Bank of England Bank of England, Photo: Images George Rex Flickr / cropped from original / licensed under CC BY-SA 2.0, linked at bottom of article

Dominic Alexander explains why the Bank of England’s response to inflation will be disastrous, particularly for working people

The Bank of England raised interest rates by 0.25% this Thursday (6/5/22), following the US equivalent, the Federal Reserve’s even more aggressive 0.5% hike the previous day. The argument is that this is necessary in order to control the rapid rise in inflation. The Bank of England warns that the change ‘will take time to work’, admitting that in the immediate term ‘inflation will keep rising this year’.

In other words, things will get worse before they get better, on the assumption that this policy will work at all even in the long run. In the shorter term, it will make borrowing more expensive, with an impact both on households with debt, and on business investment. The risk is that this will push the economy into recession, but even if, technically, that point is not reached, the whole aim is to slow the economy. This means less expansion, and so more unemployment, and downward pressure on wages. It will not mean curbing the bumper profits of energy companies. Indeed, the point is to protect capitalist assets against the pressure of inflation, which is seen as the greater danger than recession.

This is at a time when prices of the basics, food and energy, are rising catastrophically, and many are already facing desperate circumstances, but, as always in a capitalist economy, the orthodoxy is that living standards must take the hit, if the crisis is to be fixed. The explanations we’re given in this instance are that inflation is the result either of demand outstripping supply (Keynesianism), or that money has become too cheap, due to excessive government spending (Monetarism). Neither theory is an adequate explanation of what is happening now.

It should be evident to all that it is supply problems, due to energy-price rises, logistical disruptions, and now the war in Ukraine, that are currently fuelling inflation. Raising interest rates will not alleviate any of these factors. So why is it being touted as the answer? At one level, the reason lies in the limitations of mainstream economic theory.

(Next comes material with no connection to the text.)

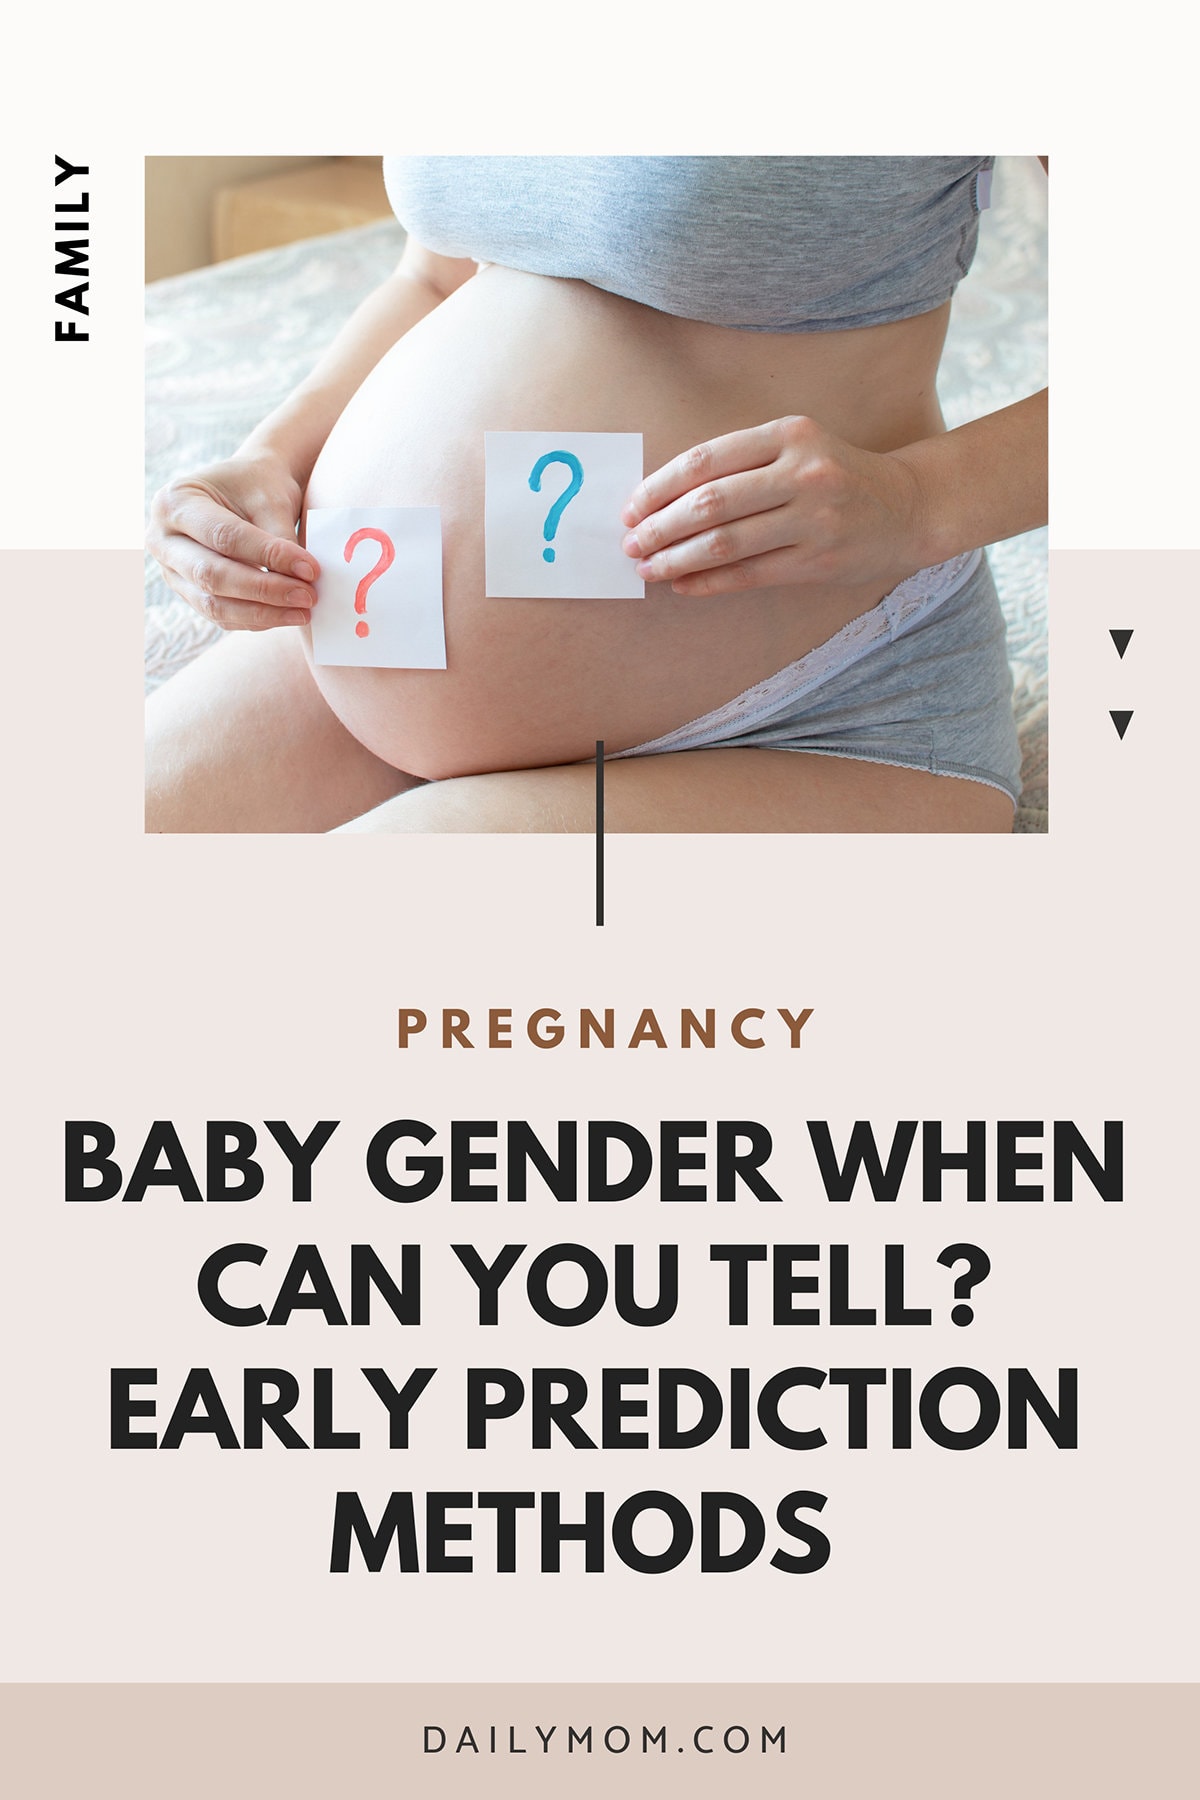 Daily-Mom-Parent-Portal-Baby-Gender-When-Can-You-Tell?
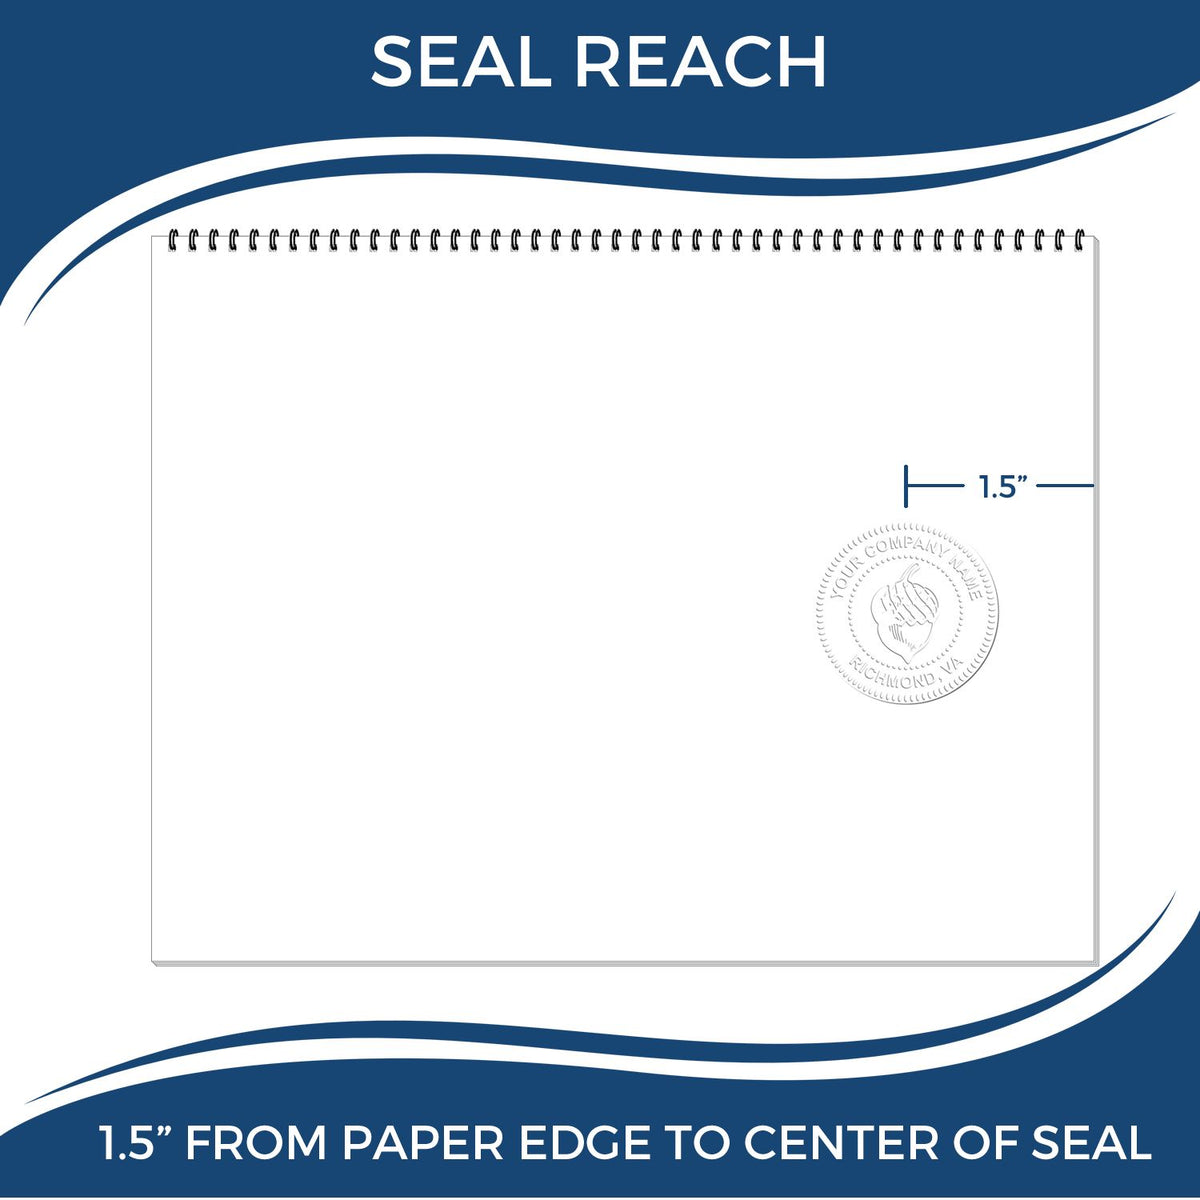 An infographic showing the seal reach which is represented by a ruler and a miniature seal image of the Handheld New Jersey Architect Seal Embosser

Orthodox explanations of inflation

Central bankers’ monetary policy has been singularly ineffective in recent years. After the 2008 crash, ever greater interest-rate cuts, and money creation (‘quantitative easing’) were meant to make investment cheaper, and therefore encourage growth. This did not happen, with companies preferring to hoard capital rather than risk it in a situation where returns seemed likely to be low. This policy invited the derisive epithet that it was ‘pushing on a piece of string’, because the action was having little or no impact on its object. However, it was not without effects, because it did fuel the asset boom: rising stock-market prices, property prices and so on. It is just that these rises were speculative rather than driving any economic growth which would raise profitability. Underlying the growth of all that fictitious capital was economic stagnation.

Before the pandemic forced extraordinary support measures, the economic indications were that the global economy was once again heading towards outright recession, rather than simply low growth. Measures to prevent collapse during lockdowns, inadequate as they were, did stave off that prospect, but since governments have been withdrawing those supports, the system began to lurch into a new crisis.

For mainstream Keynesians, the present inflationary problem is the result of ‘pent-up’ demand due to covid. This is the standard theory that inflation is caused by excess demand, and that suppressing demand (reducing wages and the standard of living), will reign in inflation, and fix the problem. For the monetarists, it was excessive government spending that was the problem, but that amounts to the same effect: raise interest rates to shrink the economy, in order that it will re-balance.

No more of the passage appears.